“Presidio” (Gradiva, 2024) parte de uma premissa assaz cinematográfica: é um romance noir densamente atmosférico, que acompanha dois criminosos em fuga pelas estradas intermináveis do Texas.
O livro começa com um olhar pelo caderno de notas do protagonista, Troy Falconer, onde este explica as razões que o levam a sobreviver de um modo peculiar: instalando-se em móteis baratos, de onde sai à socapa, levando a roupa, o dinheiro e o carro dos seus incautos hóspedes. À primeira vista, podemos classificar Troy como um reles ladrão de automóveis. Contudo, na verdade, não é dessa forma que se define: Troy tem um temperamento sensível, ora carregado de cinismo, ora ingénuo, e vive tomado por uma compulsão quase religiosa em ser dono de coisa nenhuma. “A minha verdadeira profissão é o cuidadoso e altamente precário acto de manter uma vida quase completamente destituída de propriedade pessoal”. De modo a satisfazer o seu propósito e, ainda assim, ganhar a vida, Troy é obrigado a esgueirar-se para o interior de quartos de motel, usualmente quando o hóspede está no banho ou na piscina, e surrupiar-lhes os pertences.

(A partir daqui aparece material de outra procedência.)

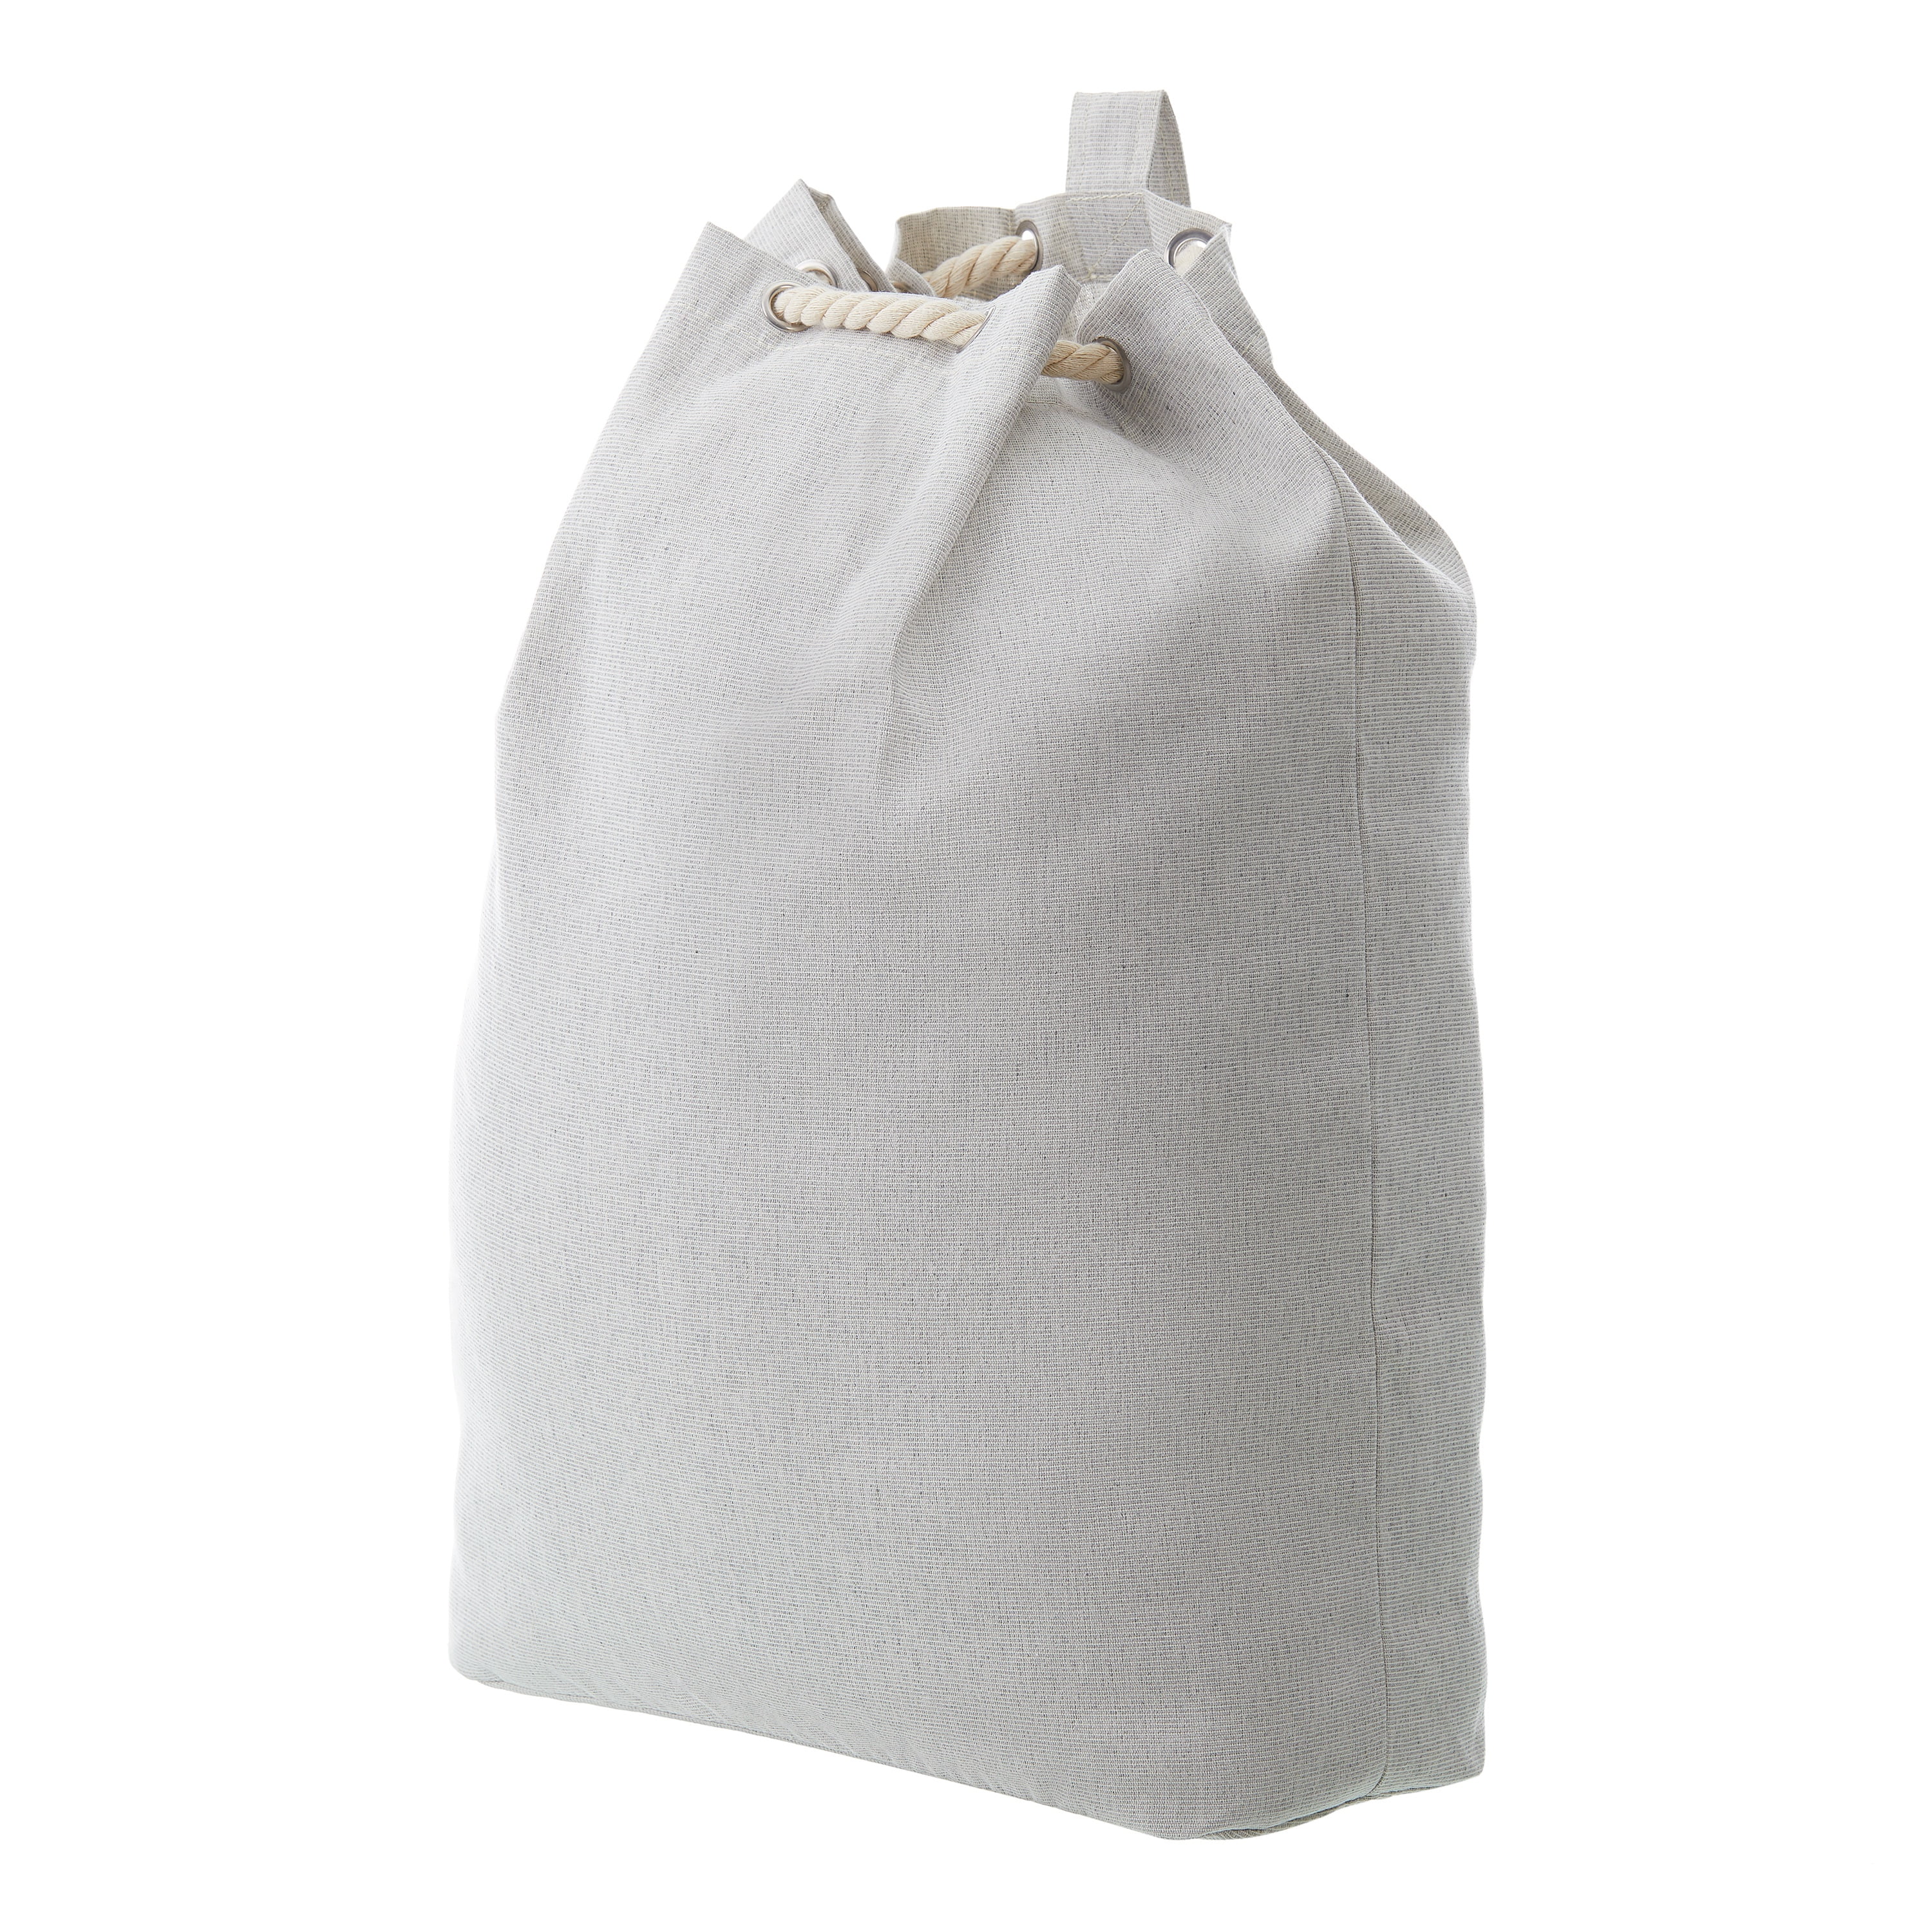 Mainstays Polyester & Cotton Laundry Bag - Gray - 1 Each

Em Novembro de 1972, o protagonista é obrigado a colocar um parêntese na sua carreira de salteador itinerante. Regressa à vilória onde havia crescido, com a intenção de ajudar o irmão, Harlan, a encontrar o rasto da esposa, Bettie, uma vigarista que terá fugido com a herança de Bill Ray, pai dos dois rapazes. O corpulento Harlan está nos antípodas do irmão: manso, doméstico, viveu toda a vida atado a um pequeno ponto no mapa, e inclusivamente já comprou a sua própria lápide, que o espera pacientemente no cemitério local.
Os irmãos partem no encalço de Bettie e, quando Troy rouba uma carrinha à porta de um supermercado, não reparam numa passageira acidental escondida no banco de trás: a franzina Martha, com apenas 11 anos, faúlha que acabará por desencadear a fuga em direcção ao México.
O livro oscila entre as notas de Troy — deliciosas diatribes com episódios das suas viagens, meditações filosóficas e pequenas estórias — e a narrativa principal do livro, numa dança inspirada que nos aproxima cada vez mais do protagonista. Randy Kennedy tem uma imaginação fértil, um pendor para descrições sensoriais e líricas, e a capacidade de se deixar levar pelos inúmeros desvios à história, sempre com uma assinalável qualidade poética na sua escrita. Tudo isto faz da leitura de “Presidio” um prazer, da primeira à última página.